[DATASET EXCERPT]

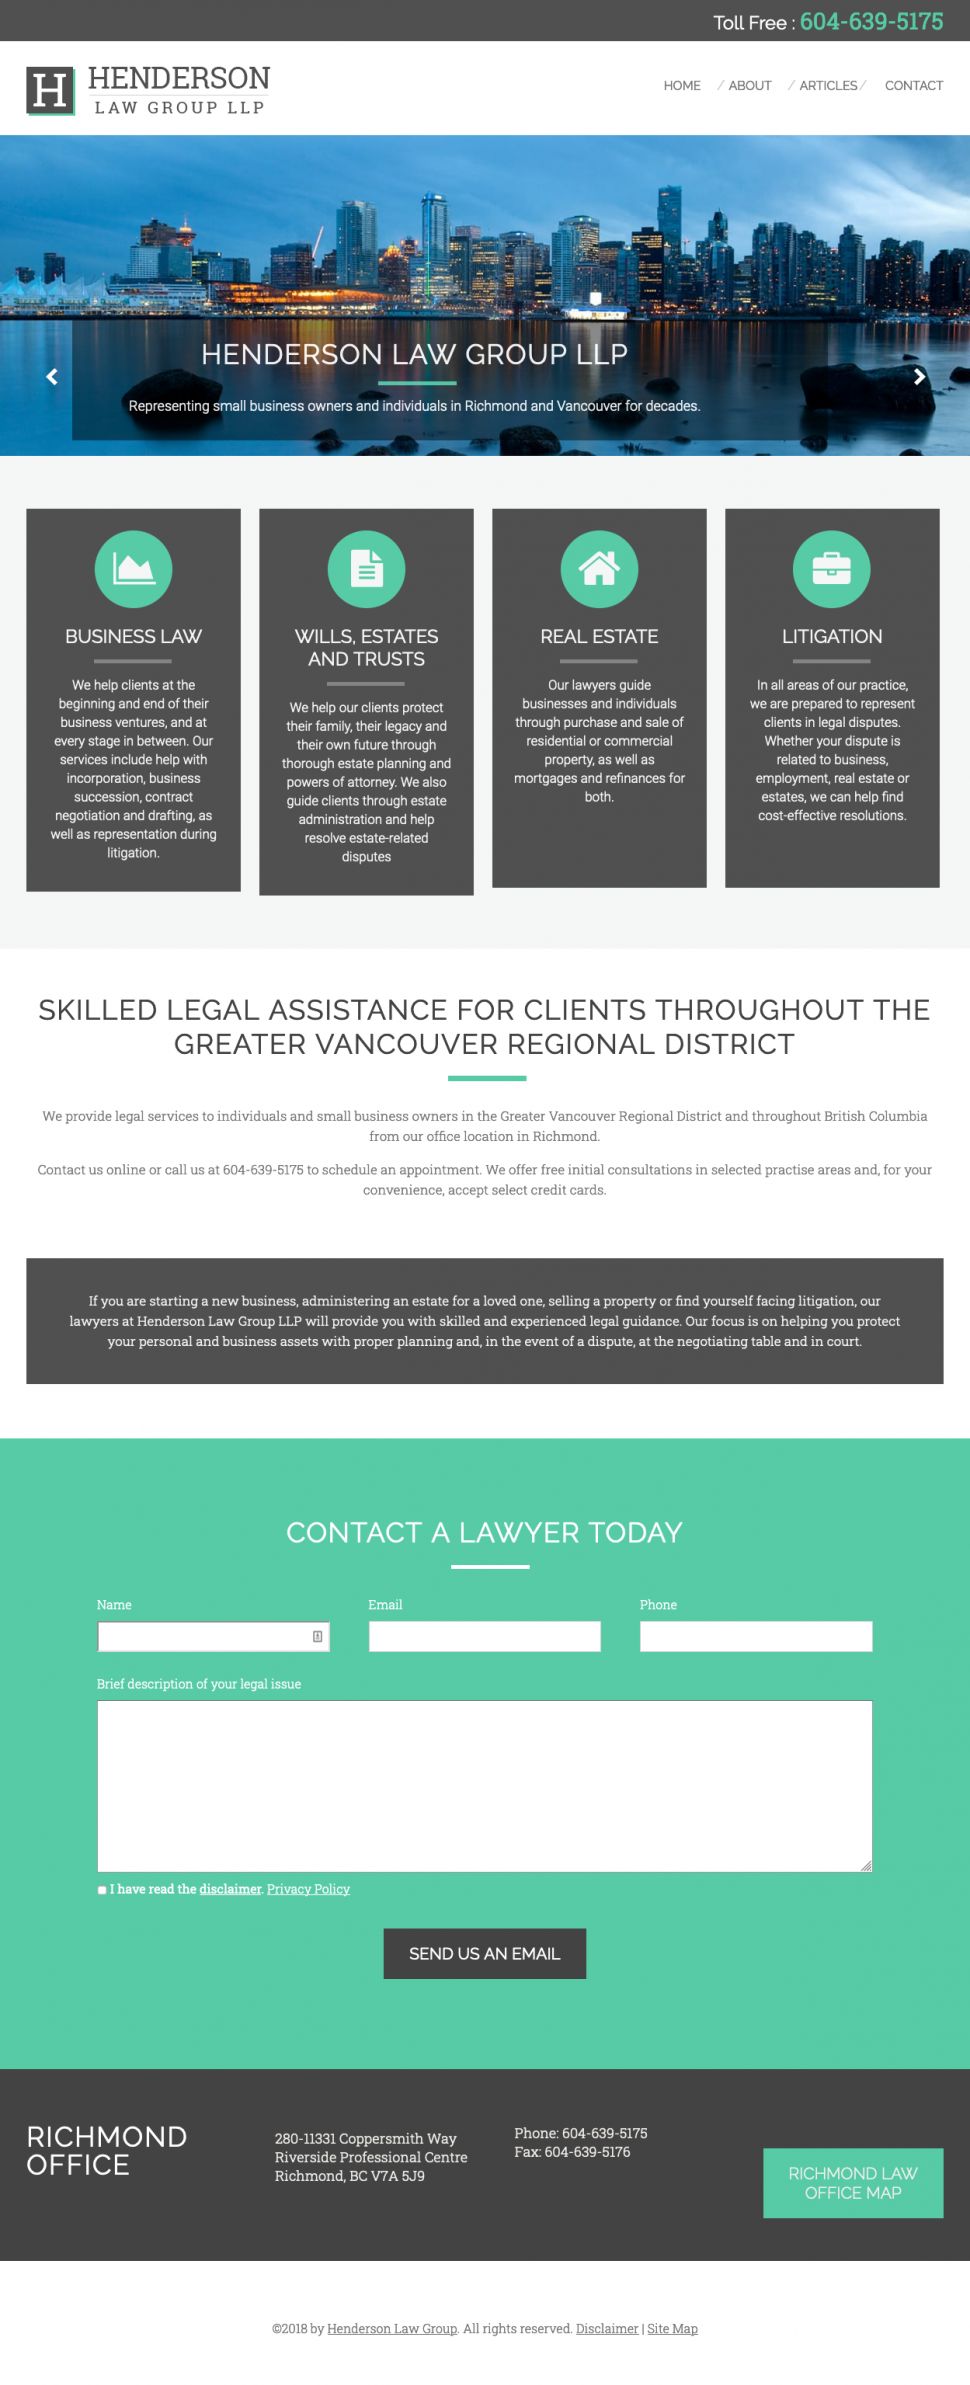 Screenshot of Henderson Law Group website home page.
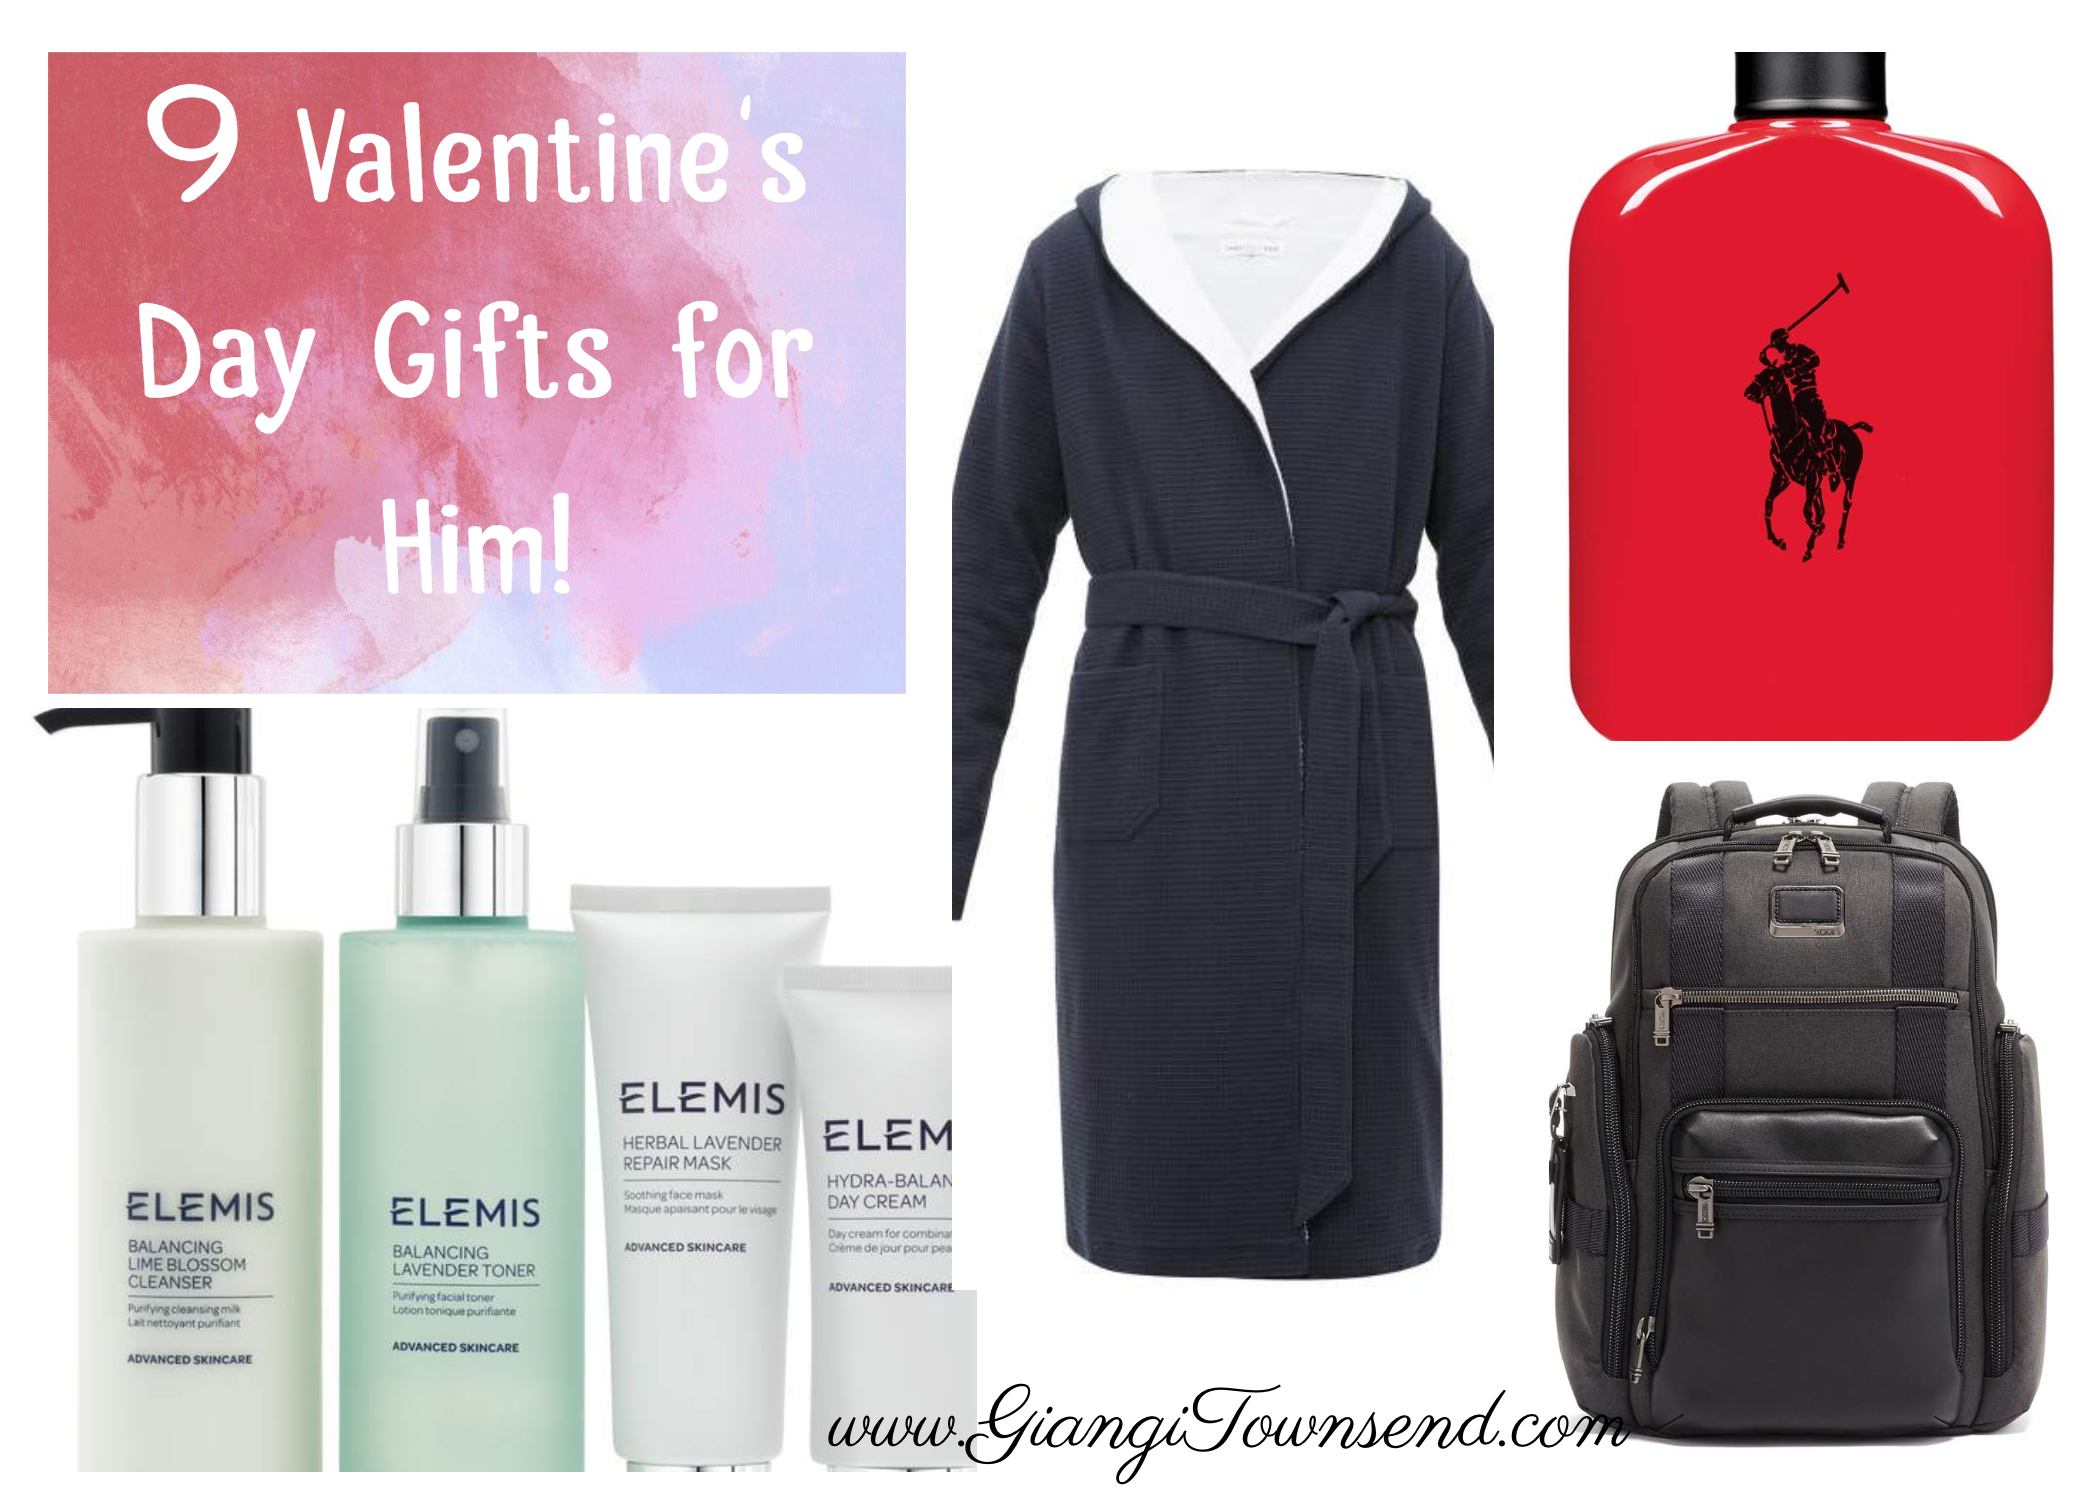 9 Valentine’s Day Gifts for Your Boyfriend or Husband
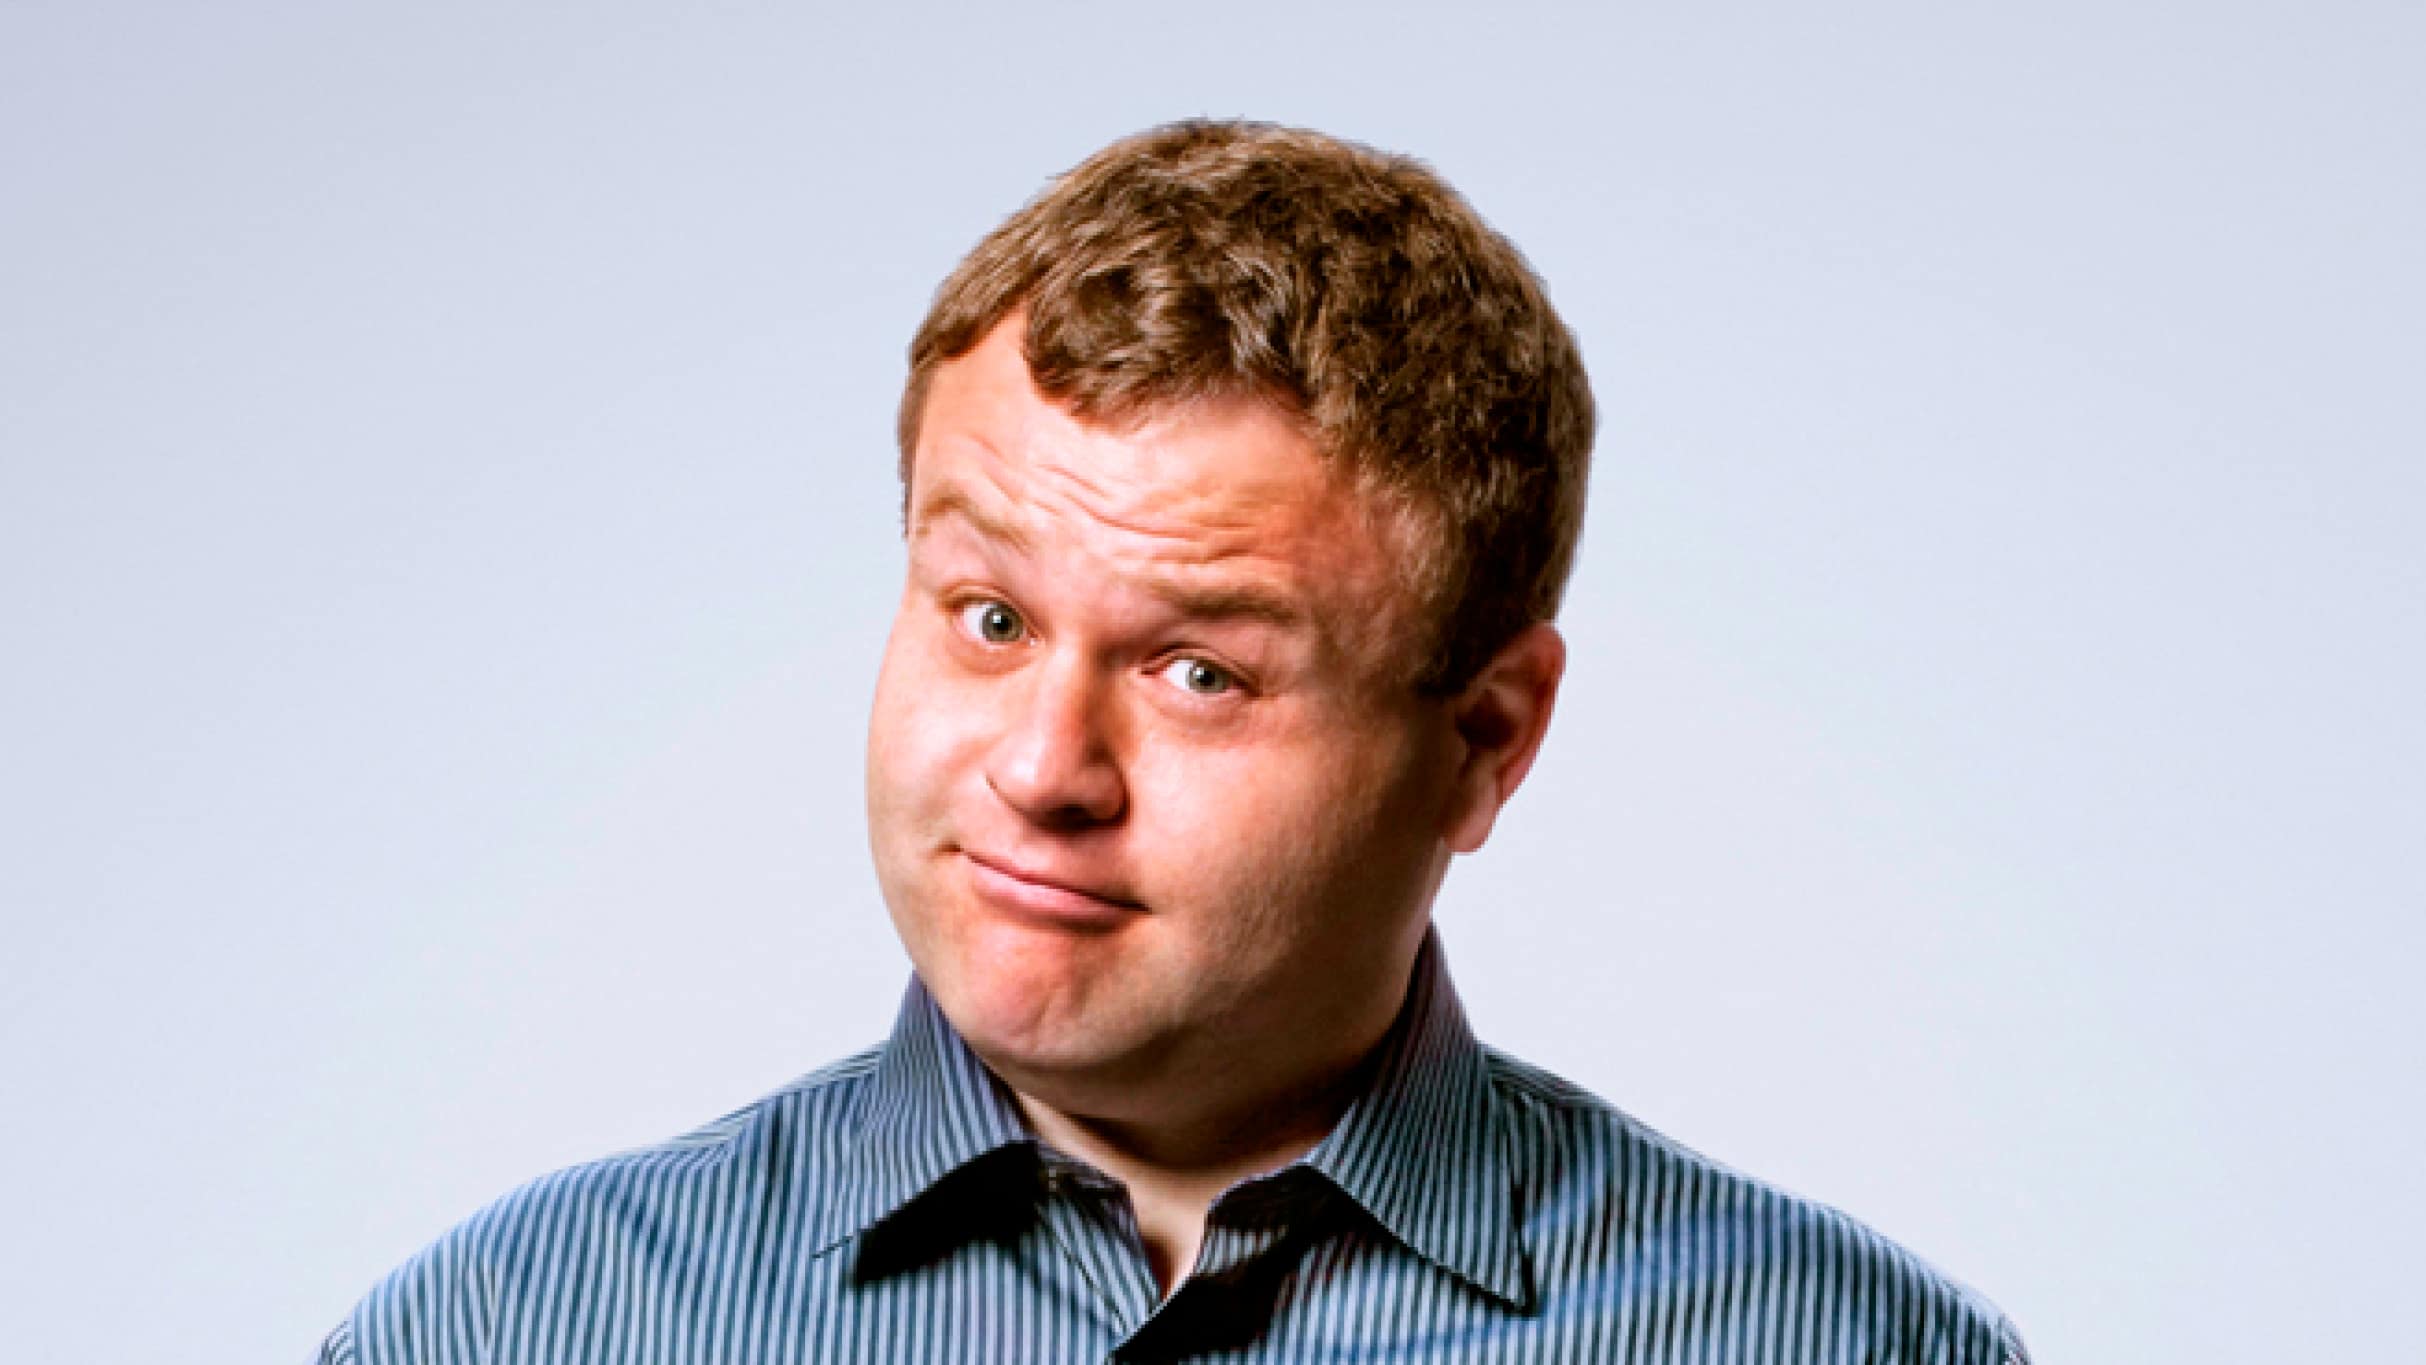 members only presale password to Frank Caliendo wsg Rick Mahorn sponsored by OSEF advanced tickets in Detroit

[/DATASET EXCERPT]

* _TASK TO CARRY OUT_
Output the data exactly as it appears. The pictures do not belong in it.

* _RESPONSE AREA_
 Screenshot of Henderson Law Group website home page.
 9 Valentine’s Day Gifts for Your Boyfriend or Husband
 members only presale password to Frank Caliendo wsg Rick Mahorn sponsored by OSEF advanced tickets in Detroit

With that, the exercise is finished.